I wish I had known PowerQuery then as well as I do now! Back then we used to literally copy and paste the data in or if that didn’t work, manually (eek!) write the information out into Excel.
With PowerQuery it is so easy to connect to a PDF file and then find the data that you want. Once you’ve found it, then it’s really easy to transform the data (if it needs transforming) and pop it back into Excel.
The thing is though that many people who know PowerQuery in Excel, don’t know that you can really easily connect to PDFs because there’s no obvious connector in the Get Data menu on the Data tab’s ribbon.

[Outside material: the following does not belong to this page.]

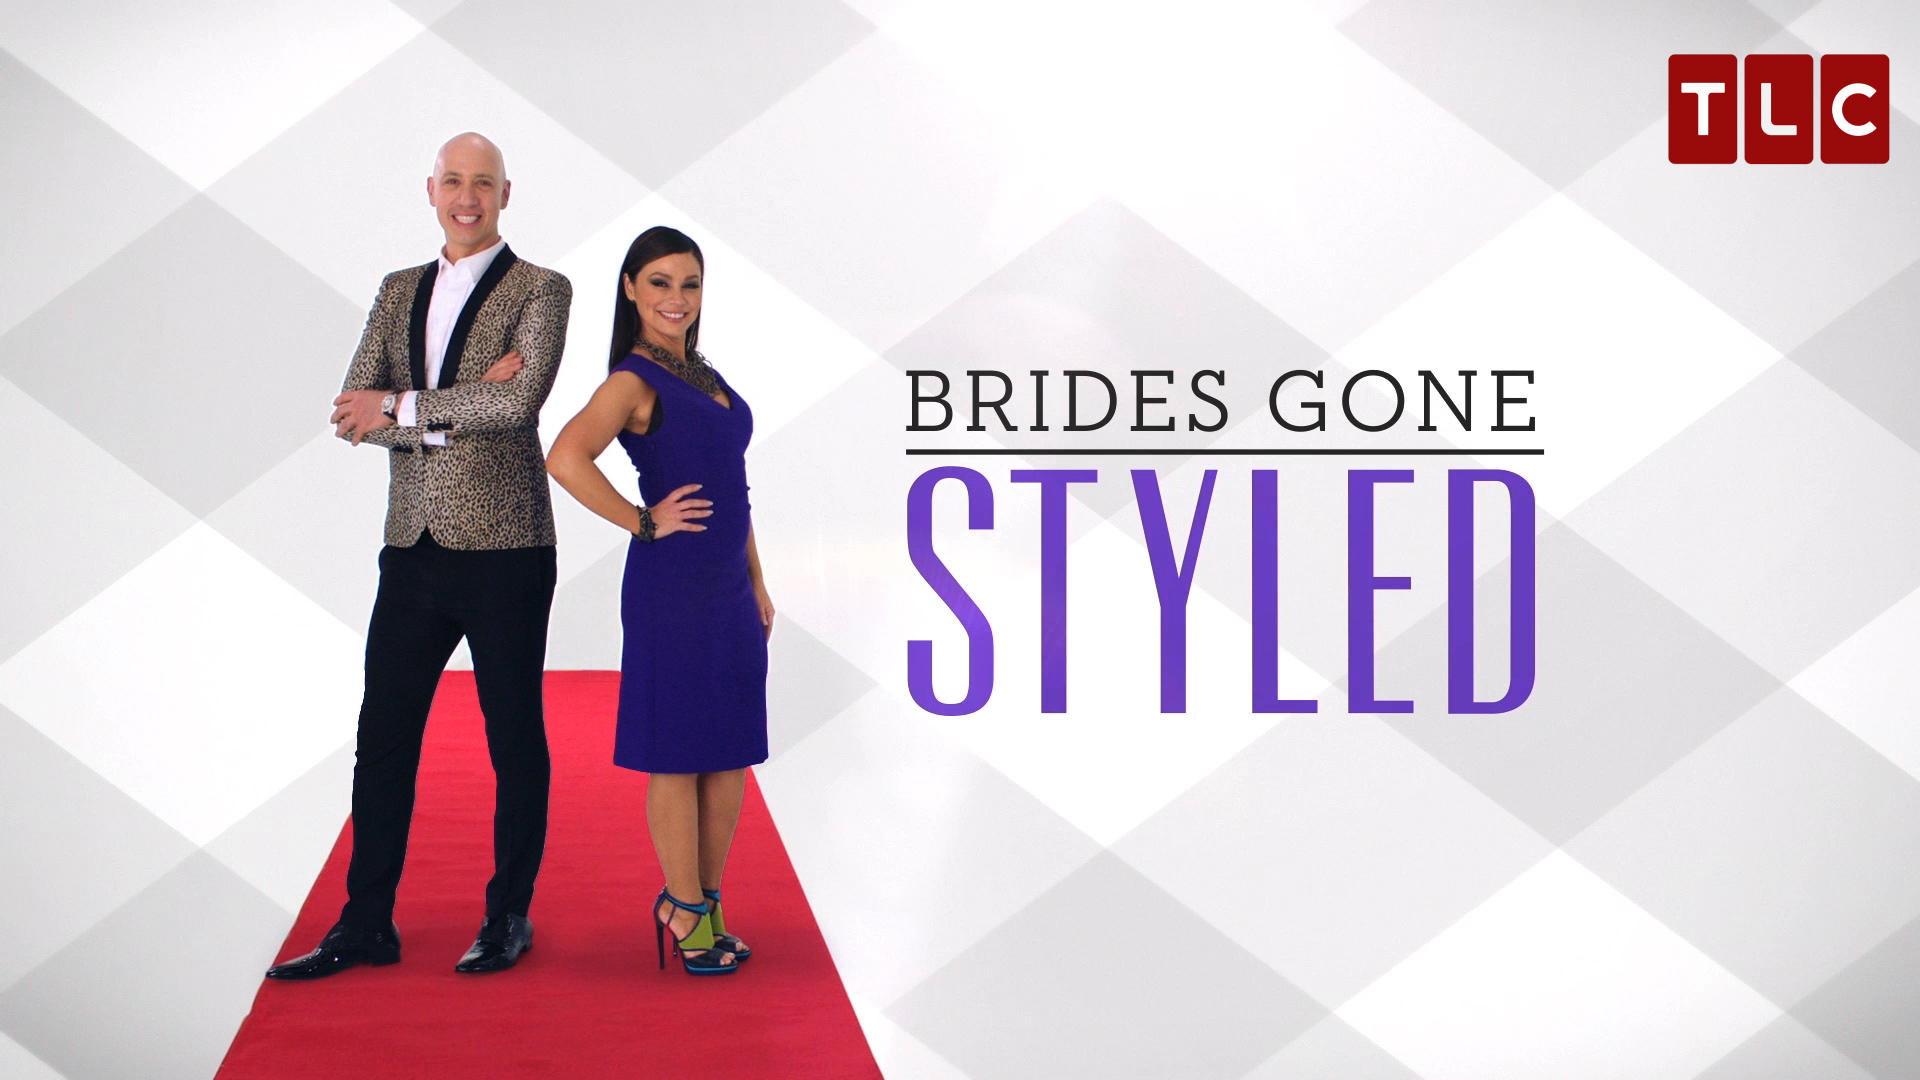 Celebrity stylists Gretta Monahan & Robert Verdi of Brides Gone Styled on TLC.

That’s ok though, because we can just put in a blank query and then use a really easy bit of code that you can simply copy from the below video.
Of course, while I’m talking about PowerQuery in Excel, it’s even easier to connect to, and extract data from a PDF using Power BI. That’s because in Power BI, there is a connector. So check out the below video to see how it’s done, firstly in PowerQuery in Power BI and then in PowerQuery in Exce
If you’d like to follow along with the video, then download the PDF file in the link to the right, and connect Power BI or PowerQuery in Excel to the file:
A little bit about this connector...
So this code to enable the connector in Excel is a bit more complicated compared to some of the other codes that we’ve seen in the past.
=Pdf.Tables(File.Contents(PDF location on OneDrive), [Implementation = “1.1”])
Other Popular Finance Team Training posts on PowerQuery...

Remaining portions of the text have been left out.